Opinião

Os Aquém que querem dizer Chega

Uma pergunta persiste na cabeça de muitos portugueses. Quem é o eleitorado do Chega?

Respostas não têm faltado. Até a heterogeneidade do parque automóvel estacionado em Viana do Castelo aquando do congresso realizado em janeiro pareceu ser uma boa pista. Creio que ainda pode fazer sentido tirar conclusões relevantes sobre quem é um português tendo como referência o carro em que se desloca e concordo com a referida heterogeneidade que se queria provar, mas cada vez que se discute o tema continuo a ter uma outra pista que acompanhamos há alguns anos no C-Lab: os Aquém.

Os Aquém são, como o advérbio esclarece, pessoas que estão longe daquilo que eram as suas expectativas. Quando os começámos a estudar há quase dez anos dizíamos ser uma geração nos trintas que acreditava não estar a tirar um justo partido dos seus talentos, habilidades e energia. A sua vida ia sendo uma sucessão de planos adiados. Em 2017, 39% da população entre os 25 e os 44 estava nesta situação em termos profissionais ou económicos. Em 2019, prosseguimos e confirmámos não só que os mais jovens continuavam a engrossar as fileiras Aquém como os seus pais viviam igualmente frustrados pela expectativa não cumprida de emancipação e sucesso dos filhos.

Percebemos, na altura, que a equação fundamental ‘realidade’ / ‘expectativas’ estava totalmente desajustada. Ou a realidade melhorava ou as expectativas diminuíam ou ambas se iam aproximando. Enquanto isso não acontecesse, ia continuar a crescer esta população Aquém.

Percebemos, também, nesse trabalho de campo quão difícil é falar de ‘expectativas’. Porque falar de expectativas é falar de lugar de origem, de sítios de onde se quer fugir apesar da enorme ligação emocional, de feridas de crescimento, de distâncias sentidas em relação aos outros muito difíceis de reconhecer e (ainda mais) verbalizar; um bom filho não se manifesta de forma alguma contra os pais; a inveja, mesmo se boa, não se acusa.

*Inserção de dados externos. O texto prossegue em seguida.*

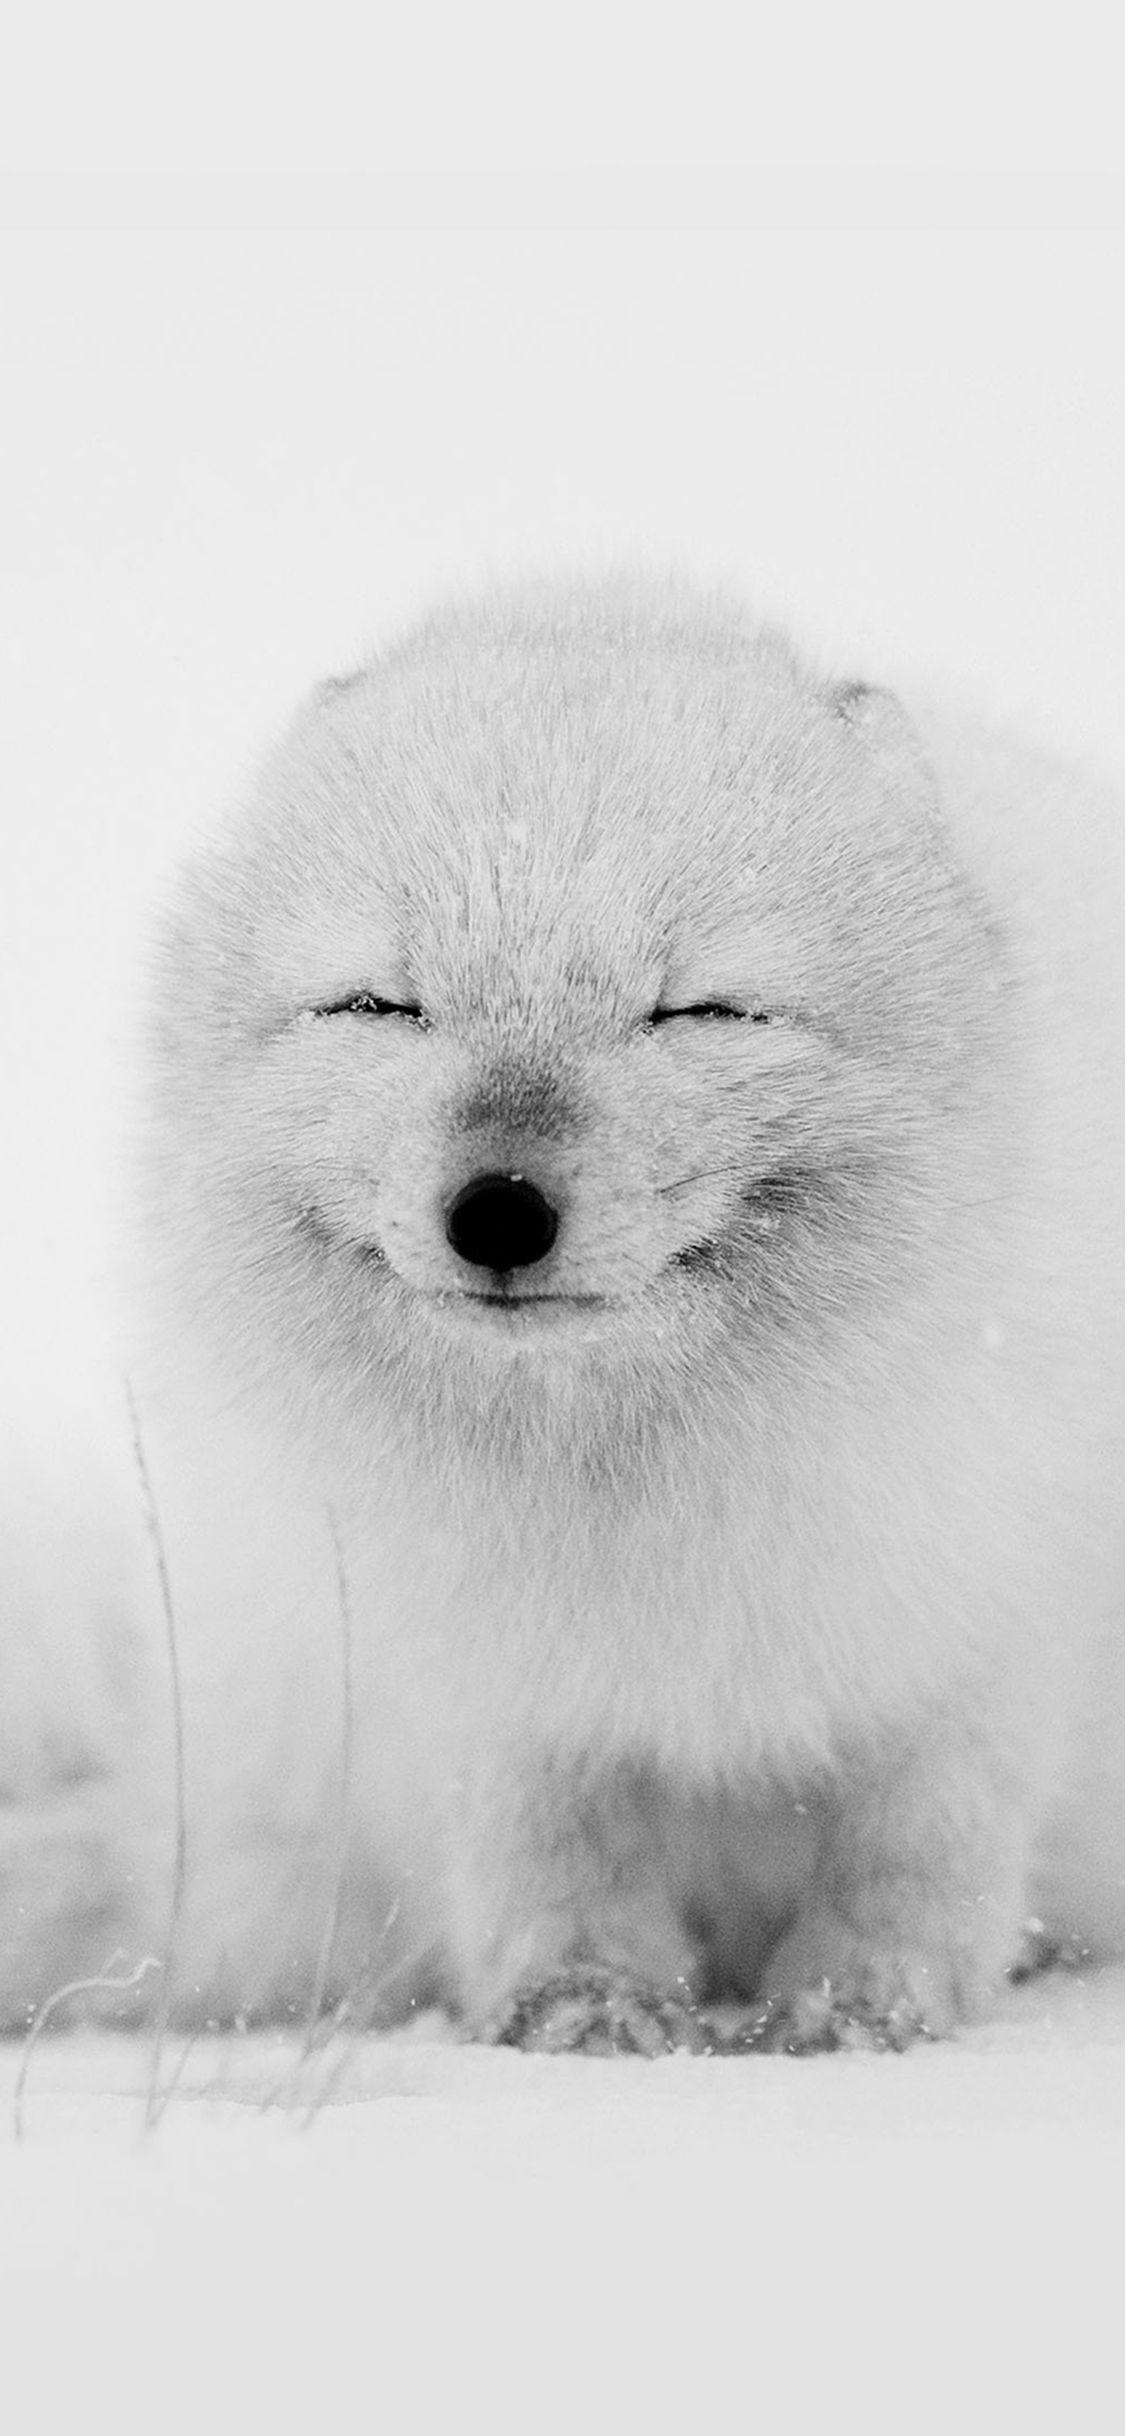 Arctic Fox Happy Moment Iphone X Wallpaper Iphone X Wallpapers

Olhar de frente a ‘realidade’ também não é fácil. É falar de esforços e esperanças depositadas num investimento de formação que custou bem-estar à família e da frustração sentida perante planos defraudados. As pessoas não estão treinadas para falar do fracasso e da maneira como gostariam que as coisas fossem; a vergonha por falhar nos padrões autoimpostos é um sentimento que instintivamente se cala.

Não terá sido isto que aconteceu? Uma população que se foi calando e que se sente representada agora por alguém que personifica a sua zanga?

Dirigidos às empresas e negócios que servimos, escrevemos em 2020: «há uma intervenção em aberto na comunicação, no tom, em iniciativas ou conteúdos que tenham em atenção a engenharia em que estes indivíduos vão ter de empreender para diminuir a distância entre aquilo que é a sua realidade e as suas expectativas».

Mas o tempo foi curto para engenharias. As expectativas não se alteraram e a realidade foi atropelada por uma pandemia, pela inflação, pela crise habitação, pelo deteriorar dos principais serviços públicos.

Enfim, caros leitores, ficam apresentados os Aquém. Estão zangados e calados na sua zanga há demasiado tempo. Não sou politóloga, mas parece-me uma pista melhor para perceber o eleitorado do Chega do que o parque de estacionamento em Viana do Castelo.